私が好きな日本のSF作家さんの一部です。
光瀬 龍
百億の昼と千億の夜」という作品があります。プラトン、釈迦、弥勒と意外な名前が続出し、時空を越えた旅が始まります。 小松 左京果しなき流れの果にと同様に、スケールの大きな、日本を代表するSF作品の一つだと思います。
小松 左京
亡くなられて数年が経ちますが、日本SF界の重鎮であることな間違いのないところです。更には、SFというジャンルを超えた巨人とも言え、その著作は多岐にわたります。果しなき流れの果にはクラークの作品にも劣らない壮大な物語です。
星 新一
ショート・ショートの名手で、掌編のそれぞれに小さなひねりがきいて飽きさせません。
筒井 康隆
この人の個性は好き嫌いが分かれるかもしれませんね。でも、この人のスラプスティックな笑いは他の人では味わえないものです。かと思うと、「家族八景」のような、テレパシー能力を持つ少女の苦悩を通して人間を描く作品も書いています。
半村 良
伝奇SF小説の第一人者です。「妖星伝」のように壮大な法螺話を、サービス満点のエンターテインメント小説に仕上げる腕は抜群です。一方「雨やどり」のような人情話も書かれています。
梶尾 真治
クロノス・ジョウンターの伝説」のようなタイムトラベルものを特異とされる作家です。その物語は情緒的な側面も持ち、暖かい気持ちにさせてくれるものが多いようです。

おすすめのSF小説作家

私が好きな海外のSF作家さんの一部、それもハードSFの巨匠クラスです。
A・C・クラーク
幼年期の終わり」や「都市と星」など、スケールの大きな作品が多く、人間という存在そのものを考察するような作品が多いです。かといって高尚で手に取り難い作品というわけではなく、物語として非常に面白い作品ばかりです。「2001年宇宙の旅」を始めとするシリーズもこの作家の作品です。
R・A・ハインライン
クラーク、アシモフと並ぶSF界三巨頭の一人。「宇宙の戦士」など。三人の中では一番エンターテインメント性に富んでいると思います。その作品は多数で特に後期の一部を除いては読みやすく、お勧めです。
アイザック・アシモフ
クラーク、ハインラインと並ぶSF界三巨頭の一人。
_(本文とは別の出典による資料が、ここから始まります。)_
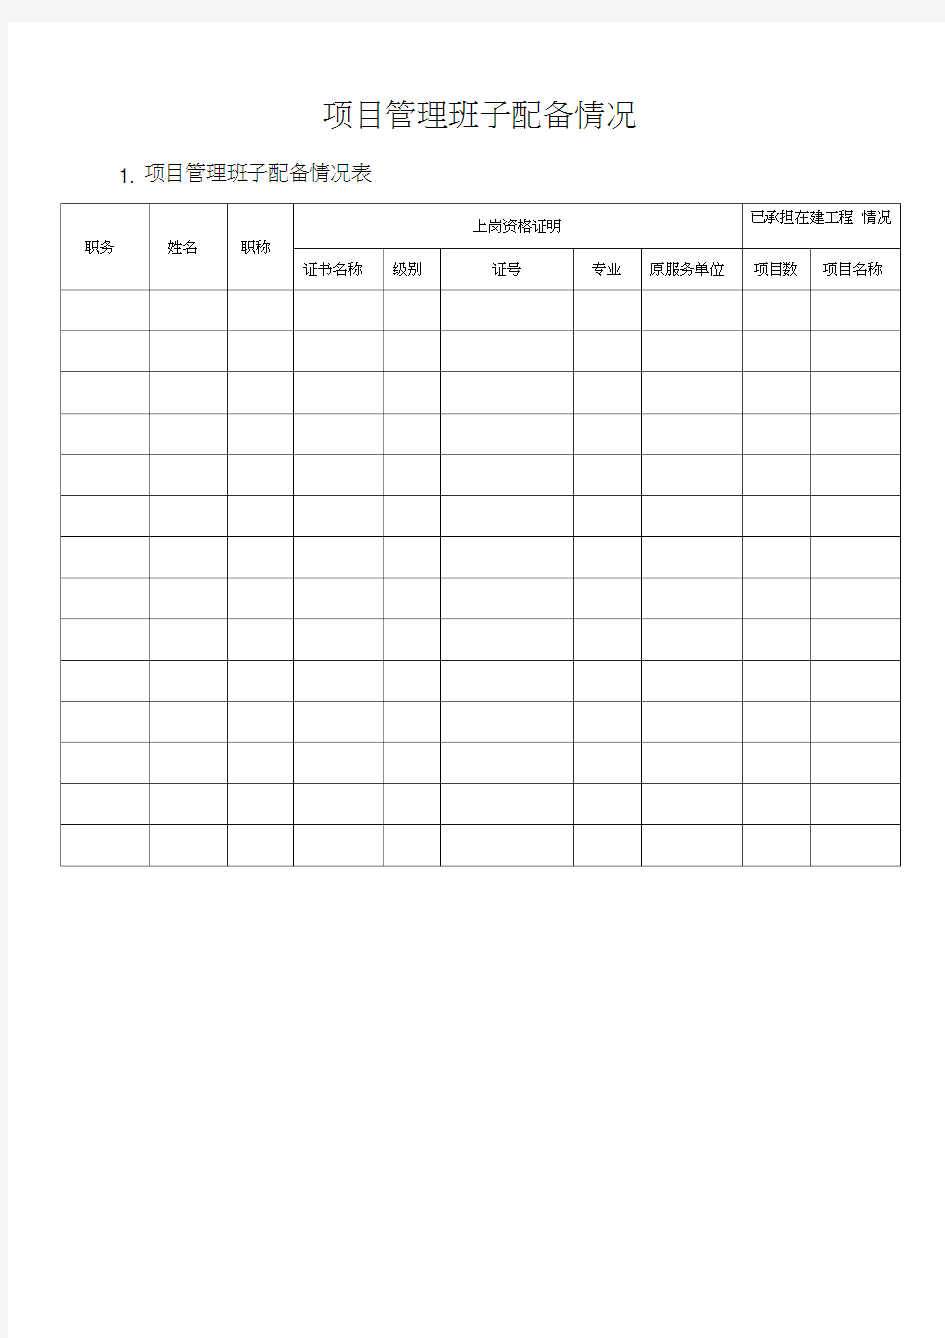 (完整版)项目管理班子人员配备表及相关说明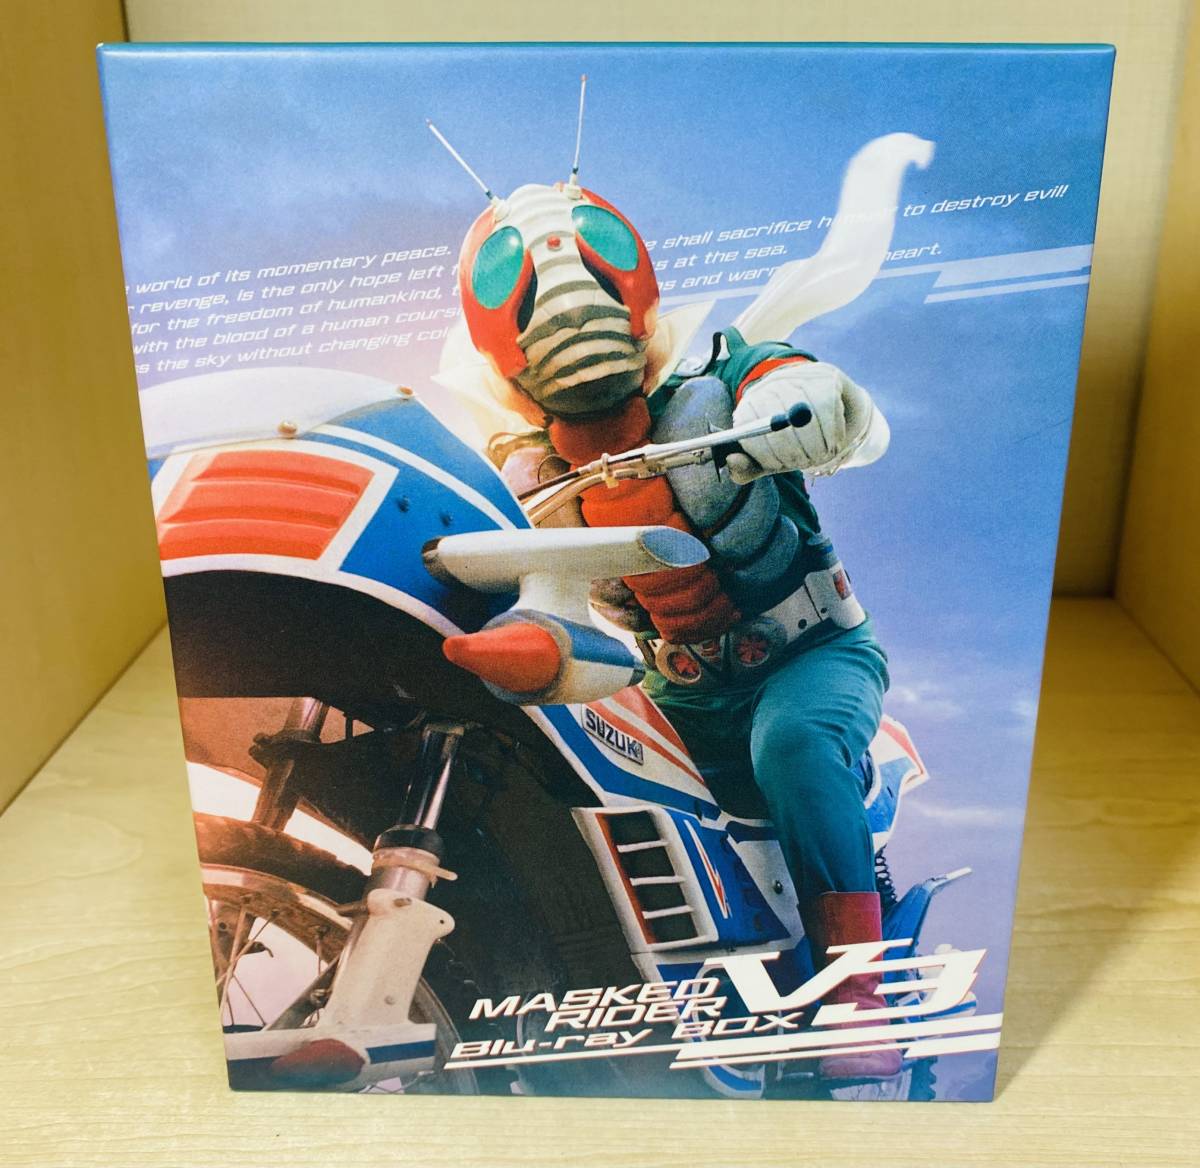 【超目玉枠】 仮面ライダー Blu-ray BOX 1 初回限定版 全巻収納BOX付

論理性に富んだ文章で、ミステリー仕立ての作品も多く、「われはロボット」のような三原則を前提としたロボットものでは他の追随を許しません。
ジェイムズ・P・ホーガン
「星を継ぐもの」に始まる「巨人の星」シリーズなど、スケールが大きく科学的な論証に多くを割いた描写は、印象としてはクラークに一番近いかもしれないと思っています。
ラリー・ニーヴン
「リングワールド」などの属する「ノウンスペースシリーズ」はまさにバラエティに富んだ世界と言え、その世界の描写が科学的な裏付けを持っているのです。